# I feel Insane a lot of the time



## Snowblind89 (Jul 27, 2010)

Does anyone else feel completely insane? I think I am a hypochondriac when it comes to mental illness. I definitely have social anxiety but I sometimes feel like it is caused by something far more serious. Social anxiety often accompanies other disorders like borderline personality disorder, or bi-polar disorder and how can I be certain that I don't have them as well?

I am very worried that I may become schizophrenic in the future or develop more serious mental disorders. I notice that people who have mental problems are constantly avoided but never told directly why it is that people avoid them. People seem to shun me and not want to talk to me after a short while, even though they initially are friendly.
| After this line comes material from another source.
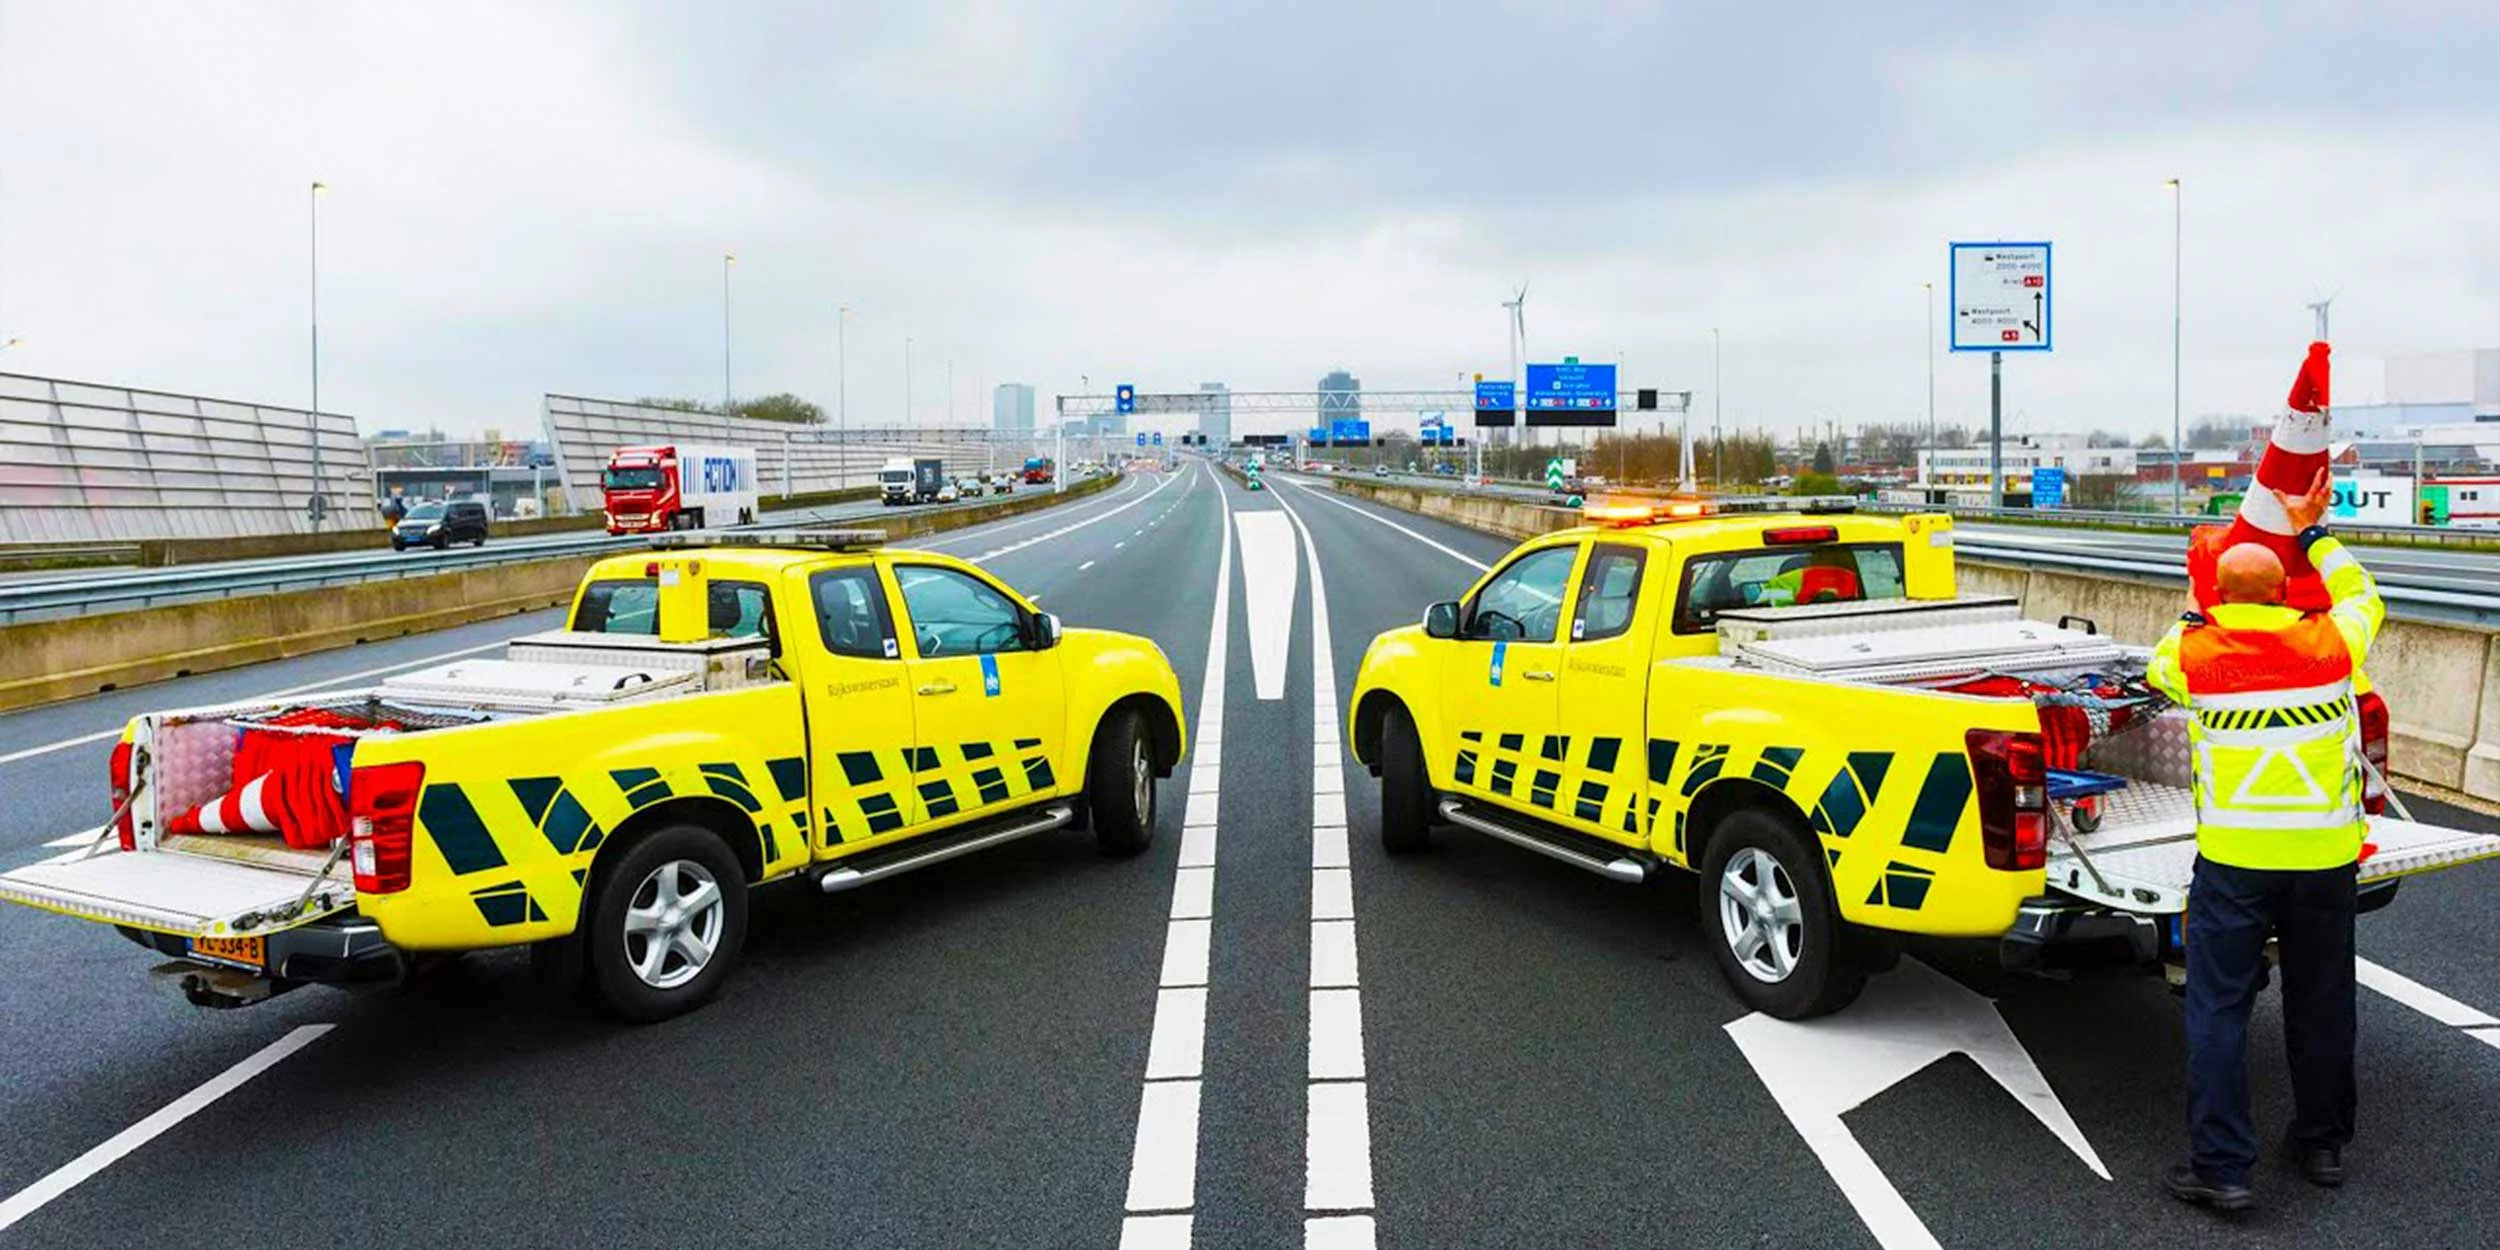 Twee auto’s van Rijkswaterstaat tijdens werkzaamheden op de snelweg, een medewerker zet in pion in de laadbak.

This makes me feel like they notice that I am mentally ill and then don't talk to me anymore. I have no friends, and people who are in my class seem to instantly recognize that something is wrong with me. No one has ever told me why they avoid me. 

Lately I have been worrying that I am talking outloud to myself in public without realizing it, or talking outloud in my sleep, and also that I am making weird facial expressions in public without knowing that I am doing it. I usually pass these thoughts off as delusions, especially when I am at home and feel safe, but when in public they spring up again, especially if I hear people laughing. When people laugh I instantly assume that they laugh at me and even think that I may have **** on my pants and don't realize it because I can't smell it myself. Is this even a part of social anxiety?


----------



## Still Waters (Sep 18, 2008)

It's easy to feel paranoid and have irrational thoughts when you're not a "part of the whole" There's a tendency to constantly dissect and over analyze everything in order to discover what's amiss. I've had some pretty weird thoughts-even knowing at the time they weren't rational-did little to eradicate them. People pick up on our feelings in a given situation even when we don't realize it-Could this be what's happening with you?


----------



## kid a (Aug 26, 2010)

i worry about the same thing. atleast once a day i question myself? 
im always thinking im having auditory hallucinations an yesterday i thought i had a visual one, but its a catch 22 scenario for me because the more i think about it the more my brain will play tricks on me an make me actually have those things,it shouldnt happen at all but for me it does, the paranoia , over analyzation, all of that its stressful


----------



## Snowblind89 (Jul 27, 2010)

Thanks for your post, it is probably people picking up on my feelings. I was just worried that it wasn't social anxiety anymore but some other problem.


----------



## Snowblind89 (Jul 27, 2010)

I think I over analyze things as well. I think that is why I am freaking out about having other problems.


----------



## Metus (Dec 6, 2010)

Snowblind89 said:


> I think I over analyze things as well. I think that is why I am freaking out about having other problems.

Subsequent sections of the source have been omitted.